■ TO DO
What you return must match the records below exactly, down to each character.

■ THE INPUT
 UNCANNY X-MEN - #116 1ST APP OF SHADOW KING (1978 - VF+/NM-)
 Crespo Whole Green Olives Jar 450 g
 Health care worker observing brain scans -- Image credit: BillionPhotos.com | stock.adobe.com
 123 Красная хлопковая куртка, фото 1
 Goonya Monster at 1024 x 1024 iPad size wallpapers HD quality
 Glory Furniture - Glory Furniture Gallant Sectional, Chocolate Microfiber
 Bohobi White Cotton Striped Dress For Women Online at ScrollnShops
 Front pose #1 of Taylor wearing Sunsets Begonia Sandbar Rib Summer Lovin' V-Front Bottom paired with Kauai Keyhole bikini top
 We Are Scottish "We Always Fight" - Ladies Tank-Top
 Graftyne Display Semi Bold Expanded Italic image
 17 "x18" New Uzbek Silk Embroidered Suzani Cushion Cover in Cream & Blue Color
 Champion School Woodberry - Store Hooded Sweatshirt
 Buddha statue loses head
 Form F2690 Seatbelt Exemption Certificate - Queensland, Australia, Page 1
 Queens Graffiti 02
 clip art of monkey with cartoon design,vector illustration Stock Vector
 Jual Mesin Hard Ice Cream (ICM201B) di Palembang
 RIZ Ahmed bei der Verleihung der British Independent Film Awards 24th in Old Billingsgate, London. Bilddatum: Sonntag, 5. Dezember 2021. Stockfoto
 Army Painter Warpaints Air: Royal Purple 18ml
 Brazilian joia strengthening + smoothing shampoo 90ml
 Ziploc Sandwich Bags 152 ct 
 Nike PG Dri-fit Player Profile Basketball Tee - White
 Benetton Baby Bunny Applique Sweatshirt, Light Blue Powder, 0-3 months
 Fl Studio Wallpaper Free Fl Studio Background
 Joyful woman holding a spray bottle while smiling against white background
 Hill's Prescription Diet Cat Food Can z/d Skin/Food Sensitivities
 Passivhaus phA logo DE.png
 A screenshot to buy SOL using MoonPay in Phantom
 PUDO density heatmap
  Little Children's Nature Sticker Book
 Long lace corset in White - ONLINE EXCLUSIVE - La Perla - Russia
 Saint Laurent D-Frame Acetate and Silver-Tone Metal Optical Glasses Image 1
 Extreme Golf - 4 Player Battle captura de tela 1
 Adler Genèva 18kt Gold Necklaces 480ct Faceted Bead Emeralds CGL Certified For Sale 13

■ EXERCISE OUTPUT
 UNCANNY X-MEN - #116 1ST APP OF SHADOW KING (1978 - VF+/NM-)
 Crespo Whole Green Olives Jar 450 g
 Health care worker observing brain scans -- Image credit: BillionPhotos.com | stock.adobe.com
 123 Красная хлопковая куртка, фото 1
 Goonya Monster at 1024 x 1024 iPad size wallpapers HD quality
 Glory Furniture - Glory Furniture Gallant Sectional, Chocolate Microfiber
 Bohobi White Cotton Striped Dress For Women Online at ScrollnShops
 Front pose #1 of Taylor wearing Sunsets Begonia Sandbar Rib Summer Lovin' V-Front Bottom paired with Kauai Keyhole bikini top
 We Are Scottish "We Always Fight" - Ladies Tank-Top
 Graftyne Display Semi Bold Expanded Italic image
 17 "x18" New Uzbek Silk Embroidered Suzani Cushion Cover in Cream & Blue Color
 Champion School Woodberry - Store Hooded Sweatshirt
 Buddha statue loses head
 Form F2690 Seatbelt Exemption Certificate - Queensland, Australia, Page 1
 Queens Graffiti 02
 clip art of monkey with cartoon design,vector illustration Stock Vector
 Jual Mesin Hard Ice Cream (ICM201B) di Palembang
 RIZ Ahmed bei der Verleihung der British Independent Film Awards 24th in Old Billingsgate, London. Bilddatum: Sonntag, 5. Dezember 2021. Stockfoto
 Army Painter Warpaints Air: Royal Purple 18ml
 Brazilian joia strengthening + smoothing shampoo 90ml
 Ziploc Sandwich Bags 152 ct 
 Nike PG Dri-fit Player Profile Basketball Tee - White
 Benetton Baby Bunny Applique Sweatshirt, Light Blue Powder, 0-3 months
 Fl Studio Wallpaper Free Fl Studio Background
 Joyful woman holding a spray bottle while smiling against white background
 Hill's Prescription Diet Cat Food Can z/d Skin/Food Sensitivities
 Passivhaus phA logo DE.png
 A screenshot to buy SOL using MoonPay in Phantom
 PUDO density heatmap
  Little Children's Nature Sticker Book
 Long lace corset in White - ONLINE EXCLUSIVE - La Perla - Russia
 Saint Laurent D-Frame Acetate and Silver-Tone Metal Optical Glasses Image 1
 Extreme Golf - 4 Player Battle captura de tela 1
 Adler Genèva 18kt Gold Necklaces 480ct Faceted Bead Emeralds CGL Certified For Sale 13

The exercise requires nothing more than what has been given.